• [TASK TO COMPLETE]
Line by line, the data below should be set down unchanged, with images excluded.

• [DATA]
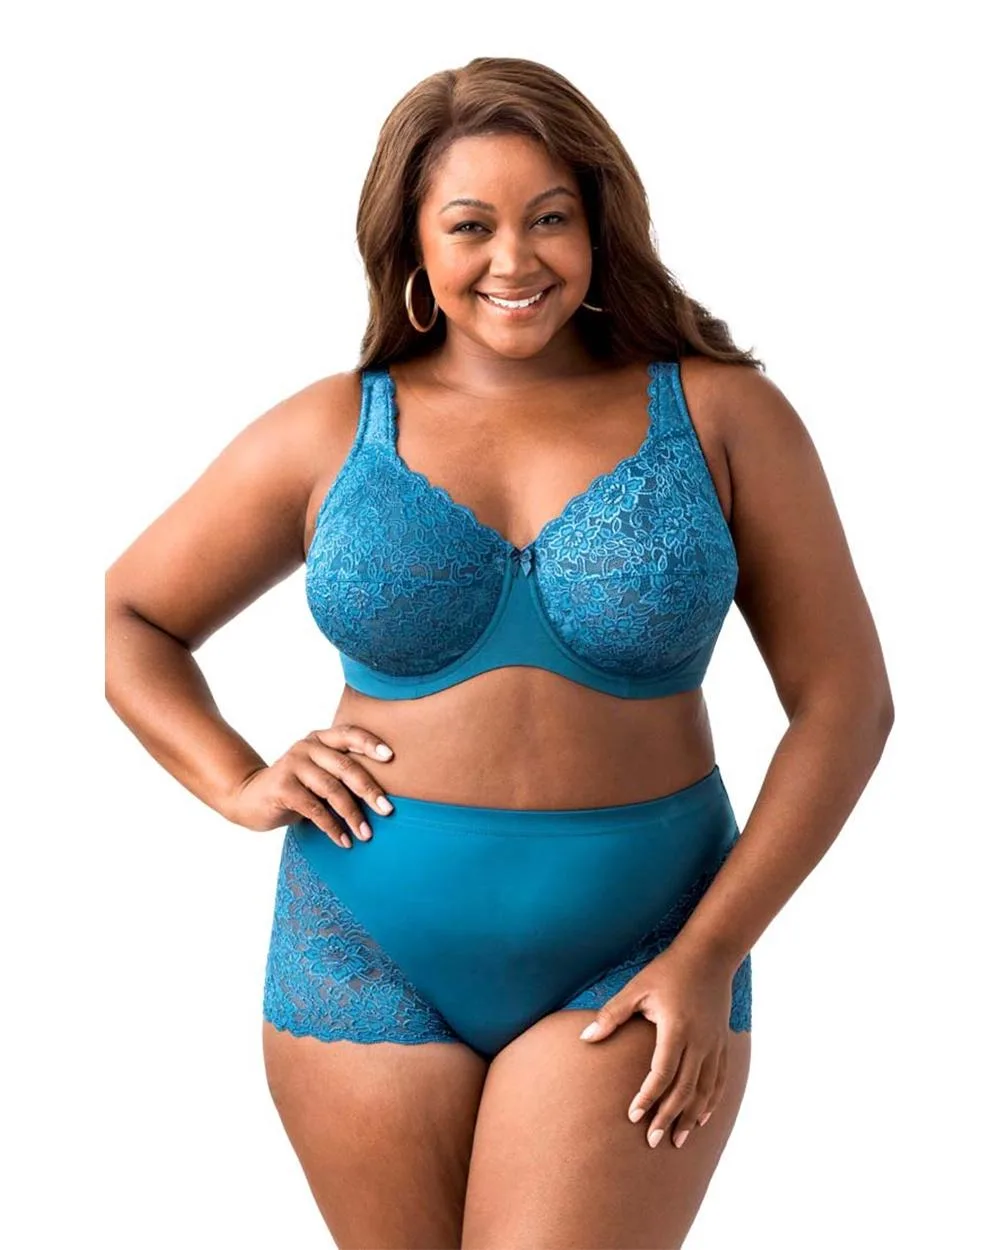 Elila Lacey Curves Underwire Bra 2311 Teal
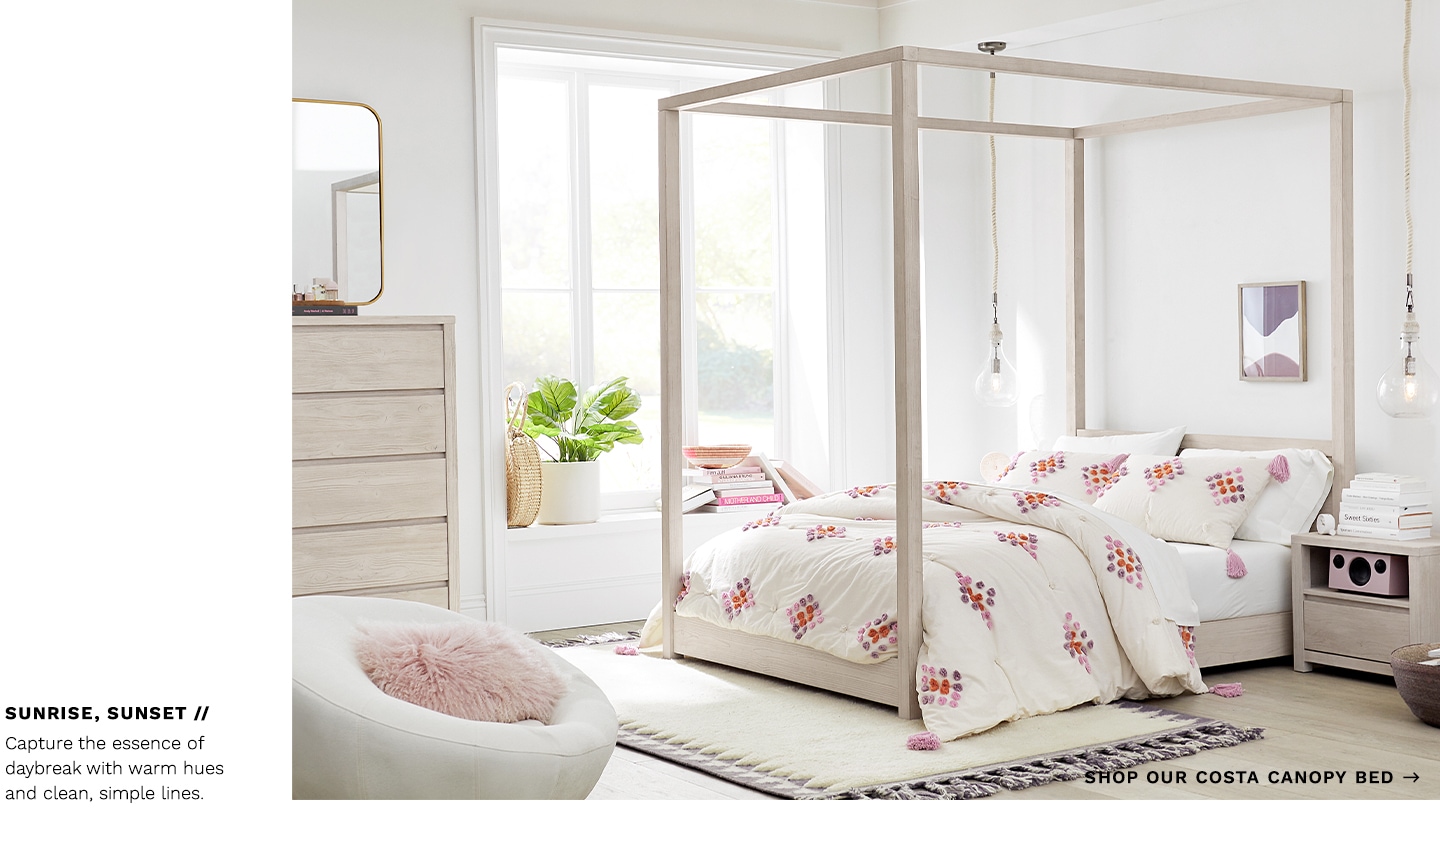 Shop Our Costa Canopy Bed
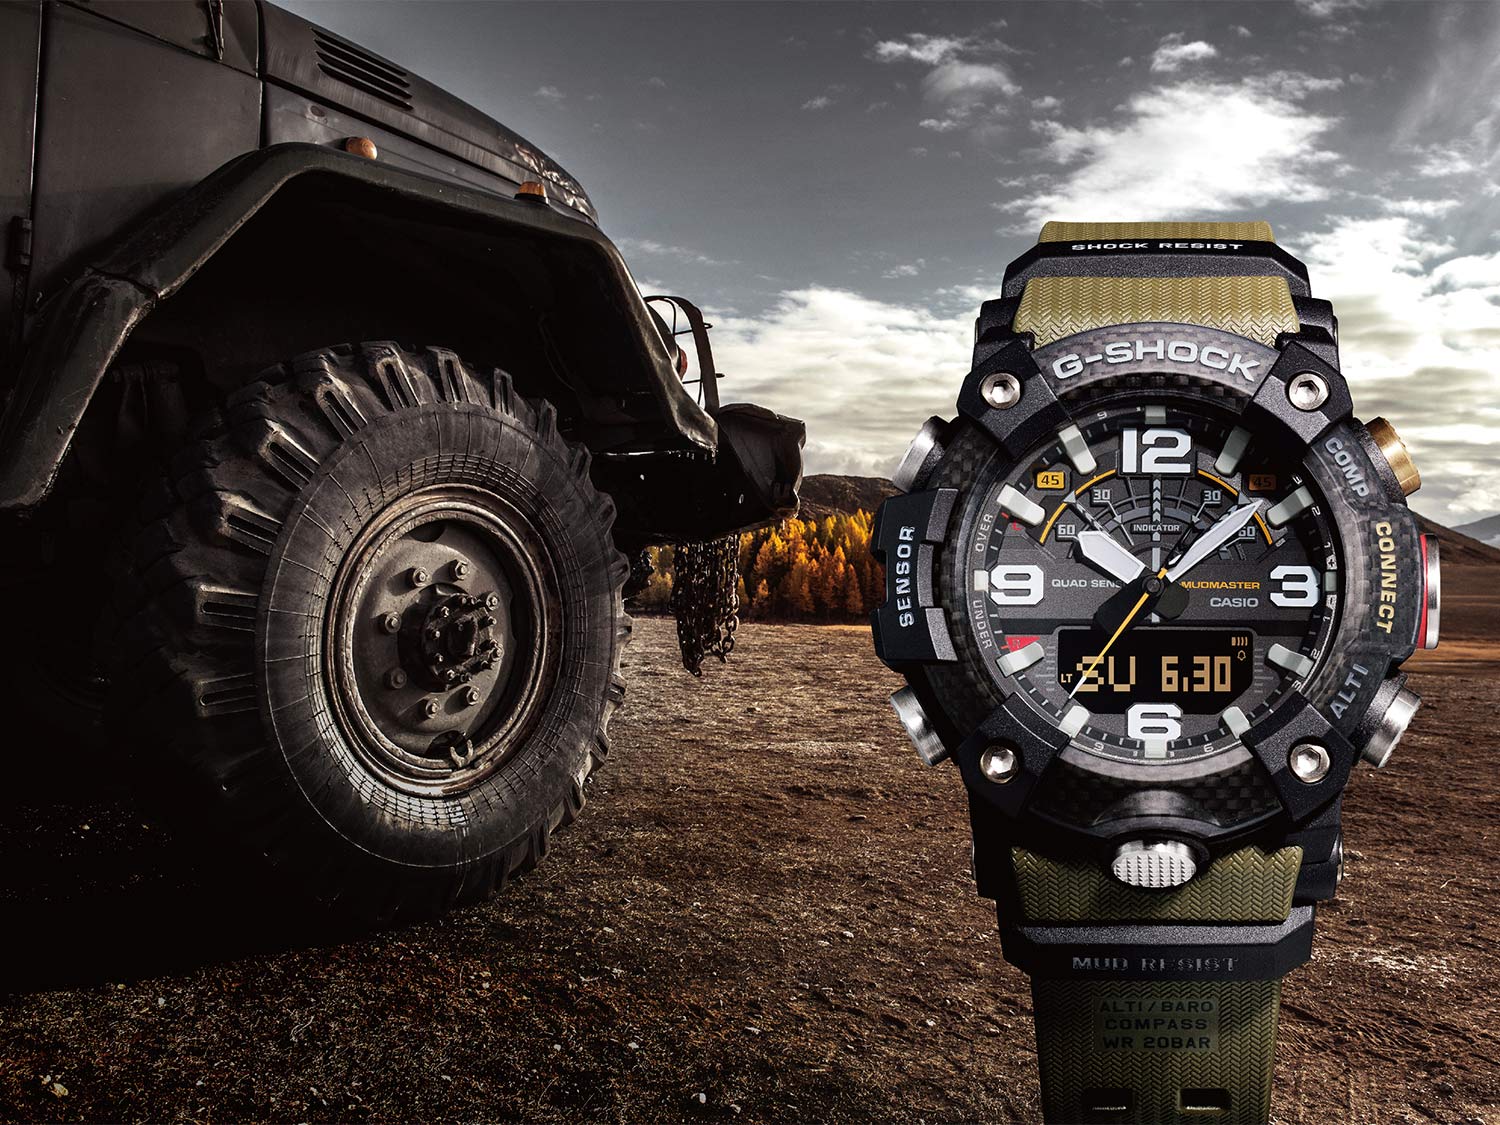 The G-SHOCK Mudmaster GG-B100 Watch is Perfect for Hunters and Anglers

• [EXERCISE SOLUTION]
 Elila Lacey Curves Underwire Bra 2311 Teal
 Shop Our Costa Canopy Bed
 The G-SHOCK Mudmaster GG-B100 Watch is Perfect for Hunters and Anglers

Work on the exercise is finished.